Avant la France, l'Australie a été le premier pays à adopter le paquet neutre en décembre 2012. Malgré les chiffres encourageants avancés par les autorités australiennes, le bilan est en réalité plus contrasté puisque le marché parallèle a augmenté de 25 % en deux ans, d'après une étude du groupe KPMG. Pas étonnant quand on sait qu'un paquet de cigarettes Marlboro y coûte désormais plus de 16 euros. Au Québec, où la cartouche se vend autour de 15 dollars dans la rue contre 80 en boutique, la hausse du prix du tabac en 2014 a également fait exploser le trafic, qui côtoie à présent celui de la drogue et des armes. Chaque année, ce commerce illicite priverait d'ailleurs l'État français de 2,4 milliards d'euros de recette fiscales. Si on ajoute à cela les pertes liées aux ventes faites hors de nos frontières, le manque à gagner pour l'Etat atteint les 4 milliards d'Euros. Mais cet argent ne disparaît pas : il profite aux réseaux criminels, et notamment aux organisations terroristes, qui financent en partie leurs actions grâce au trafic de tabac.

Mokhtar Belmokhtar, le leader d'AQMI, surnommé « Mister Marlboro »

Un rapport rendu public en 2015 par le Centre d'analyse du terrorisme affirme que la contrebande de cigarettes représenterait plus de 20 % des sources de financement des organisations terroristes. On y apprend notamment qu'Amédy Coulibaly, le terroriste de l'Hyper Cacher et de Montrouge, était impliqué dans le trafic de tabac, comme le révèle la saisie par la police de deux cartons de cartouches dans un box qu'il avait loué avec un complice en 2010. « Près de 15 organisations terroristes dans le monde recourent régulièrement et dans des proportions importantes à la contrebande et à la contrefaçon de cigarettes pour se financer », précise le rapport, qui cite notamment Al-Qaïda au Maghreb islamique (AQMI), le Hezbollah, le Hamas, les Talibans pakistanais, ETA et l'IRA. Mokhtar Belmokhtar, le leader d'AQMI, serait ainsi connu dans le milieu comme « Mister Marlboro »...

Lors de son discours à l'École des douanes de La Rochelle le 24 mai, Christian Eckert a admis que la contrebande de tabac constituait bien une source de financement du terrorisme. « L'argent est le moteur du terrorisme », a ajouté l'actuel secrétaire d'État au budget en guise d'explication. Et les sommes en jeu peuvent être colossales. En 2000, un trafic de cigarettes a été découvert entre la Caroline du Nord et le Michigan, dont le chiffre d'affaires de 7,2 millions d'euros servait à financer le Hezbollah au Canada et au Liban. En mai 2013, un autre réseau a été démantelé entre la Virginie et New York. Lié au Hezbollah et au Hamas, il écoulait 20 000 cartouches par semaine pour un bénéfice net de 10 millions d'euros... Directrice du centre sur la corruption, le crime transnational et le terrorisme à l'université de George-Mason en Virginie, Louise Shelley indique par ailleurs que Daesh est également impliqué dans le trafic de cigarettes.

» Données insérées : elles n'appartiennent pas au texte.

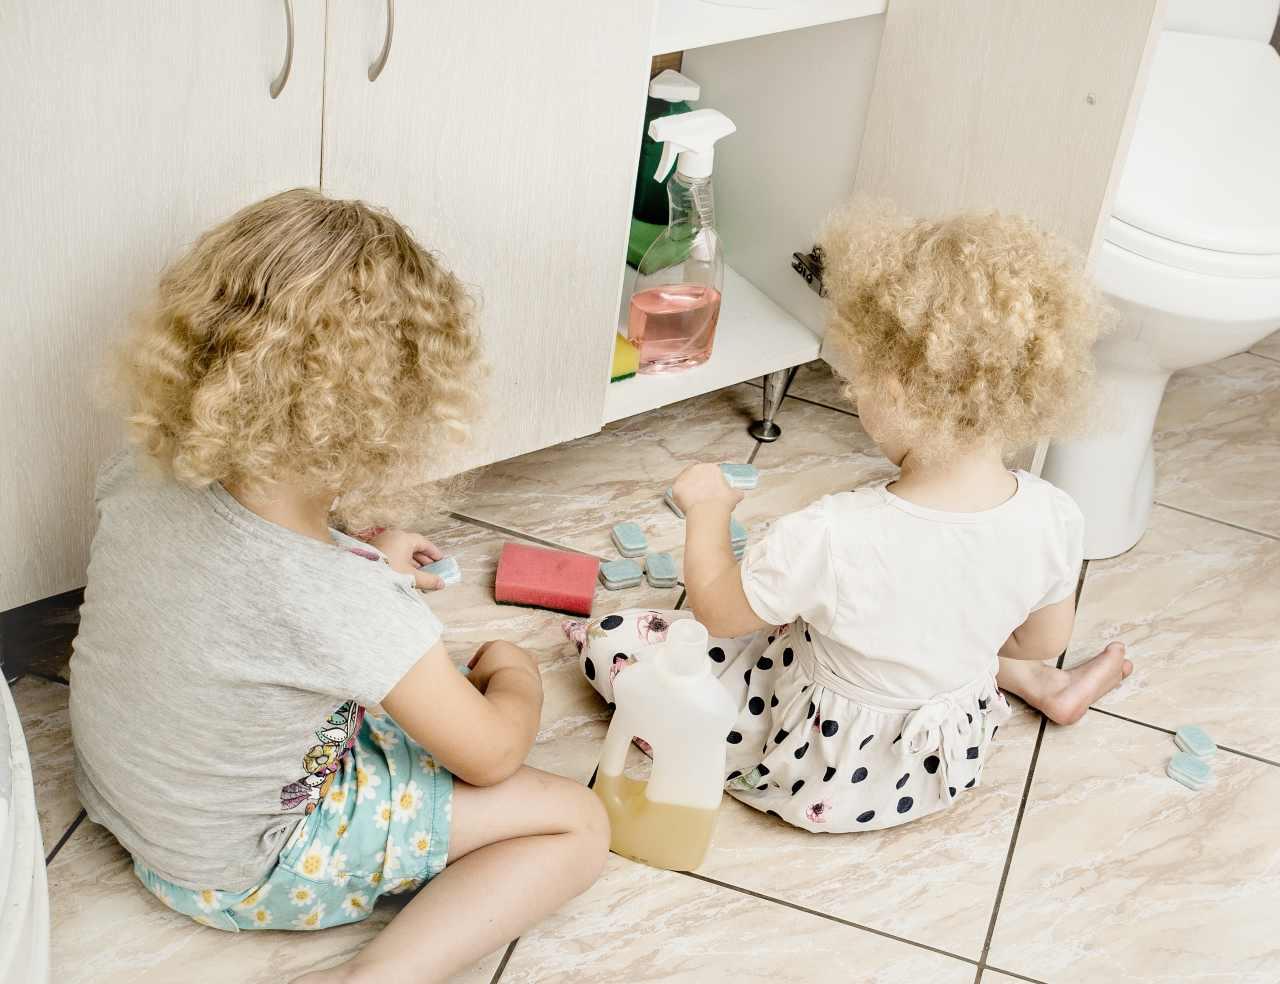 Pericoli in casa per i bambini

Dans sa question du 29 janvier 2015 au Sénat, Philippe Adnot a fait part de ses interrogations sur les répercussions du paquet neutre en France, craignant un « effet démultiplicateur sur le marché parallèle » et demandant « s'il ne serait plus sage de renoncer à ce type de mesure qui pourrait être de nature à accroître la contrebande de cigarettes et à alimenter le financement du terrorisme. » Pour seule réponse, le sénateur a eu droit à une longue tirade de Marisol Touraine lui assurant en conclusion qu'un dispositif de traçabilité serait mis en place pour limiter le commerce illicite, alors que celui-ci existe déjà, précisons-le. Quoi qu'il en soit, en attendant, les organisations terroristes continuent de se frotter les mains.